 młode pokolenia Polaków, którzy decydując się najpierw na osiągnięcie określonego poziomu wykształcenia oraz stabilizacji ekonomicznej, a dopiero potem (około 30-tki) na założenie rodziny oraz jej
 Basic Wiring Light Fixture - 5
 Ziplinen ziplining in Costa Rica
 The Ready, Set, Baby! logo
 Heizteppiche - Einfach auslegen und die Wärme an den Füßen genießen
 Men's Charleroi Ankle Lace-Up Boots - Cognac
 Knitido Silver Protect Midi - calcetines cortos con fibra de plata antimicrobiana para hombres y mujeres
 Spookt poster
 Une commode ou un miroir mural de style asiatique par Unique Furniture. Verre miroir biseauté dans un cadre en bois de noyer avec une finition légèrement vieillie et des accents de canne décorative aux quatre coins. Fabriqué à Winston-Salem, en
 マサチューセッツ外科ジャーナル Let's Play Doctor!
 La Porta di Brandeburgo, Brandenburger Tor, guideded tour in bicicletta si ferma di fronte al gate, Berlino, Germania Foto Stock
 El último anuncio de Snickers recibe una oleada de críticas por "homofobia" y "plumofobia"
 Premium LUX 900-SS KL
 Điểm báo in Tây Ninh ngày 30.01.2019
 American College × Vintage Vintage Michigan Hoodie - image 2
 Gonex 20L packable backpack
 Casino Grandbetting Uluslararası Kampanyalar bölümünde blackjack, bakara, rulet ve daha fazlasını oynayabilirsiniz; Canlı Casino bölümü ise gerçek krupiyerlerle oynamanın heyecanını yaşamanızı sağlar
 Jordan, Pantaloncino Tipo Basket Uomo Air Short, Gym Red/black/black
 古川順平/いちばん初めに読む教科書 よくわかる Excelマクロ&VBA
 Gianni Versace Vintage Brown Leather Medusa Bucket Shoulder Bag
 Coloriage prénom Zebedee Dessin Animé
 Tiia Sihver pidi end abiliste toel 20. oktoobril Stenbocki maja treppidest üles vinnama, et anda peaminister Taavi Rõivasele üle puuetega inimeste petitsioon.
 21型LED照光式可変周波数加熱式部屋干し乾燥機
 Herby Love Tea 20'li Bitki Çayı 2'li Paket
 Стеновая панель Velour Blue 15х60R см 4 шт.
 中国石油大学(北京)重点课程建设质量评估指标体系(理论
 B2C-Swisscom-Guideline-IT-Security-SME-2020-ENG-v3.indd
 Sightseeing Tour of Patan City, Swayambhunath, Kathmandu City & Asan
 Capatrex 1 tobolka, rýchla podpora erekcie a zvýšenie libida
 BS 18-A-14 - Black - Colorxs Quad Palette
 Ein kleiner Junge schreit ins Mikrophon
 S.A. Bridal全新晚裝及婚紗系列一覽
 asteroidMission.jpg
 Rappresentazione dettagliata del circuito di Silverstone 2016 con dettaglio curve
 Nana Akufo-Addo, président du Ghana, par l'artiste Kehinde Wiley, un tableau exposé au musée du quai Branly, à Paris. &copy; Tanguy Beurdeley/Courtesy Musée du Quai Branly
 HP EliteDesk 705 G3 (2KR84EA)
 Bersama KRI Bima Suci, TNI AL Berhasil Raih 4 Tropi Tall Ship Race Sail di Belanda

+===+

BRIEF
Every line above is to be transcribed exactly, with nothing missed.

RESPONSE TO THIS EXERCISE
 młode pokolenia Polaków, którzy decydując się najpierw na osiągnięcie określonego poziomu wykształcenia oraz stabilizacji ekonomicznej, a dopiero potem (około 30-tki) na założenie rodziny oraz jej
 Basic Wiring Light Fixture - 5
 Ziplinen ziplining in Costa Rica
 The Ready, Set, Baby! logo
 Heizteppiche - Einfach auslegen und die Wärme an den Füßen genießen
 Men's Charleroi Ankle Lace-Up Boots - Cognac
 Knitido Silver Protect Midi - calcetines cortos con fibra de plata antimicrobiana para hombres y mujeres
 Spookt poster
 Une commode ou un miroir mural de style asiatique par Unique Furniture. Verre miroir biseauté dans un cadre en bois de noyer avec une finition légèrement vieillie et des accents de canne décorative aux quatre coins. Fabriqué à Winston-Salem, en
 マサチューセッツ外科ジャーナル Let's Play Doctor!
 La Porta di Brandeburgo, Brandenburger Tor, guideded tour in bicicletta si ferma di fronte al gate, Berlino, Germania Foto Stock
 El último anuncio de Snickers recibe una oleada de críticas por "homofobia" y "plumofobia"
 Premium LUX 900-SS KL
 Điểm báo in Tây Ninh ngày 30.01.2019
 American College × Vintage Vintage Michigan Hoodie - image 2
 Gonex 20L packable backpack
 Casino Grandbetting Uluslararası Kampanyalar bölümünde blackjack, bakara, rulet ve daha fazlasını oynayabilirsiniz; Canlı Casino bölümü ise gerçek krupiyerlerle oynamanın heyecanını yaşamanızı sağlar
 Jordan, Pantaloncino Tipo Basket Uomo Air Short, Gym Red/black/black
 古川順平/いちばん初めに読む教科書 よくわかる Excelマクロ&VBA
 Gianni Versace Vintage Brown Leather Medusa Bucket Shoulder Bag
 Coloriage prénom Zebedee Dessin Animé
 Tiia Sihver pidi end abiliste toel 20. oktoobril Stenbocki maja treppidest üles vinnama, et anda peaminister Taavi Rõivasele üle puuetega inimeste petitsioon.
 21型LED照光式可変周波数加熱式部屋干し乾燥機
 Herby Love Tea 20'li Bitki Çayı 2'li Paket
 Стеновая панель Velour Blue 15х60R см 4 шт.
 中国石油大学(北京)重点课程建设质量评估指标体系(理论
 B2C-Swisscom-Guideline-IT-Security-SME-2020-ENG-v3.indd
 Sightseeing Tour of Patan City, Swayambhunath, Kathmandu City & Asan
 Capatrex 1 tobolka, rýchla podpora erekcie a zvýšenie libida
 BS 18-A-14 - Black - Colorxs Quad Palette
 Ein kleiner Junge schreit ins Mikrophon
 S.A. Bridal全新晚裝及婚紗系列一覽
 asteroidMission.jpg
 Rappresentazione dettagliata del circuito di Silverstone 2016 con dettaglio curve
 Nana Akufo-Addo, président du Ghana, par l'artiste Kehinde Wiley, un tableau exposé au musée du quai Branly, à Paris. &copy; Tanguy Beurdeley/Courtesy Musée du Quai Branly
 HP EliteDesk 705 G3 (2KR84EA)
 Bersama KRI Bima Suci, TNI AL Berhasil Raih 4 Tropi Tall Ship Race Sail di Belanda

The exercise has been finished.